» Activity: Only one stretch of the data below is wanted: the lines starting at the one with "app二维码邀请好友注册活动推广ui界面设计素材-千库网" and ending at the one with "Clin social leva", both included, given again exactly.

» Given data:

○ ○ ○ ○ ○ ○ ○

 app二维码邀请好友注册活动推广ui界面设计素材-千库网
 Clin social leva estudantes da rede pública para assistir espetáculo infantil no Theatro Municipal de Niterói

○ ○ ○ ○ ○ ○ ○

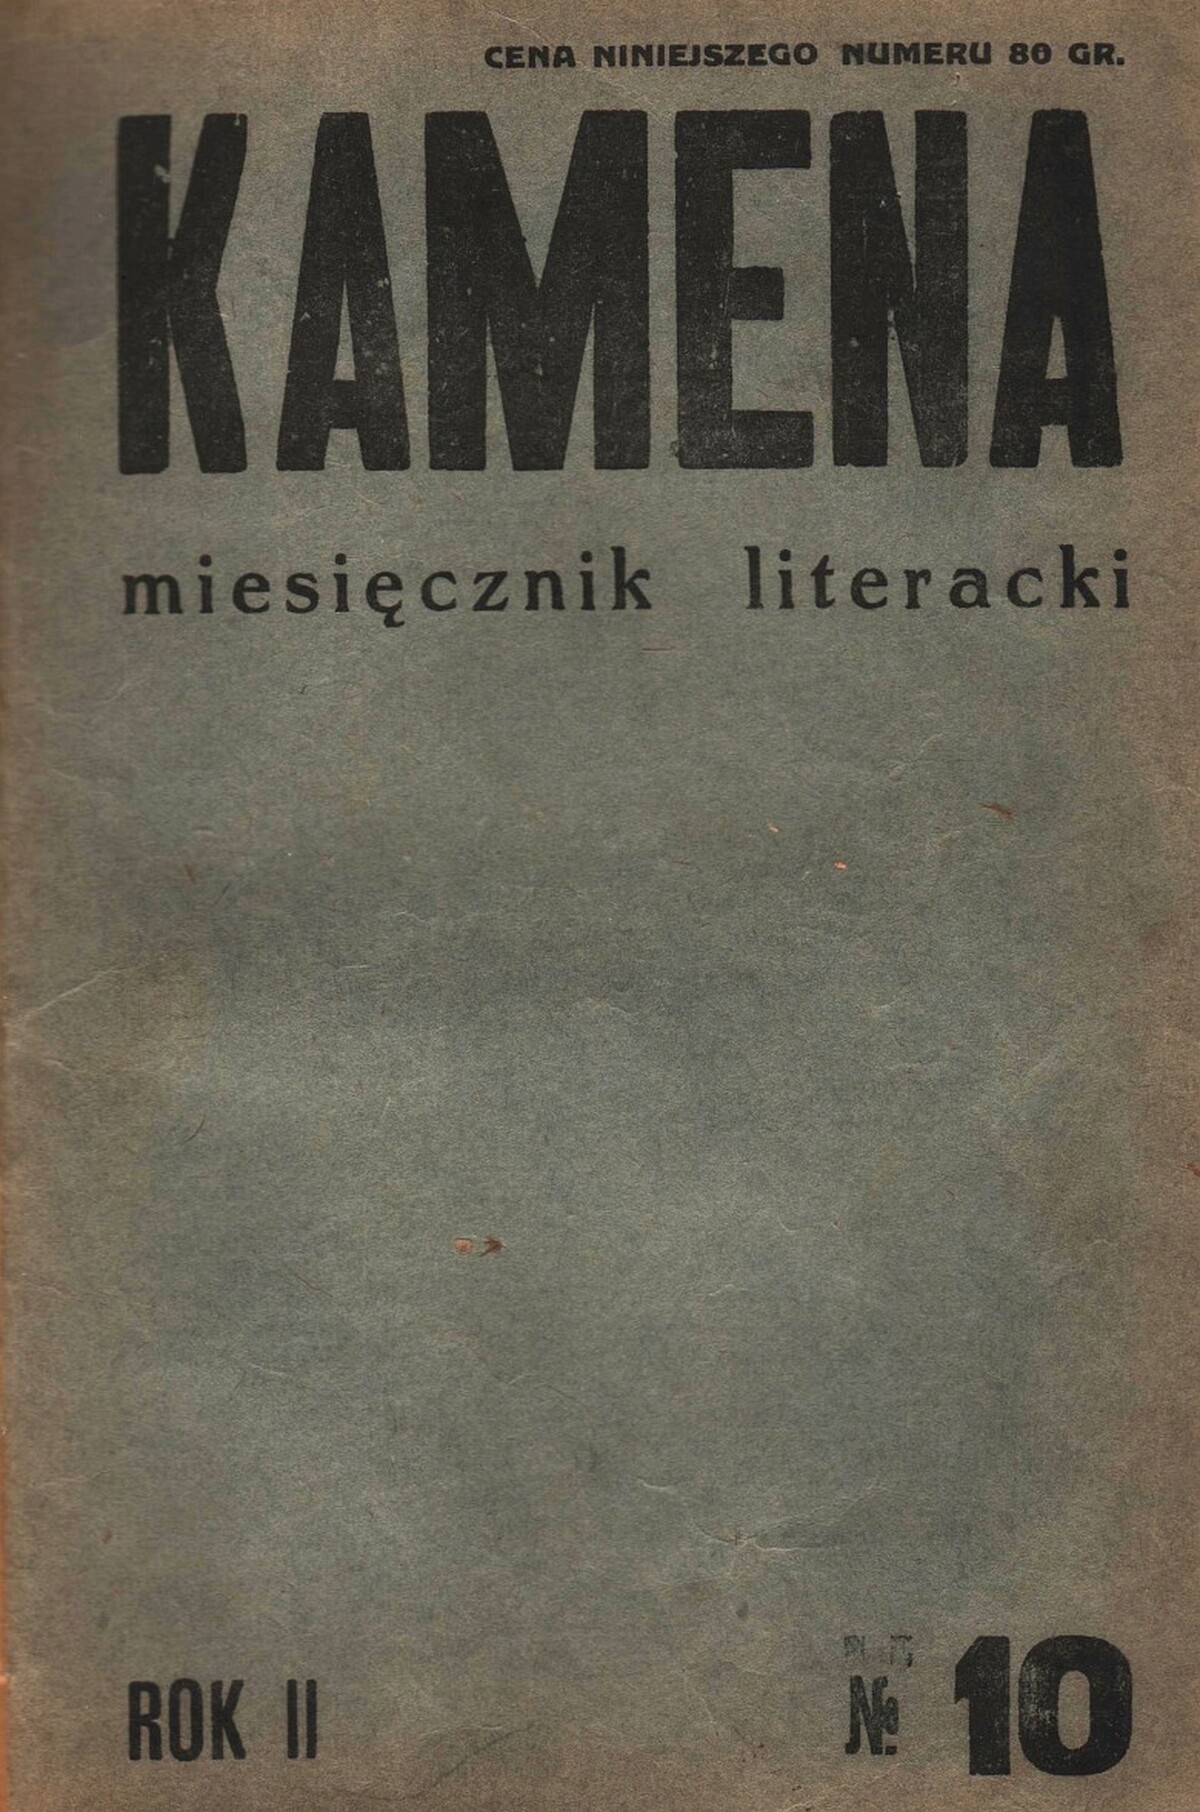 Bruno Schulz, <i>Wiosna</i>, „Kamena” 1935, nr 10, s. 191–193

○ ○ ○ ○ ○ ○ ○

» Written solution:
 app二维码邀请好友注册活动推广ui界面设计素材-千库网
 Clin social leva estudantes da rede pública para assistir espetáculo infantil no Theatro Municipal de Niterói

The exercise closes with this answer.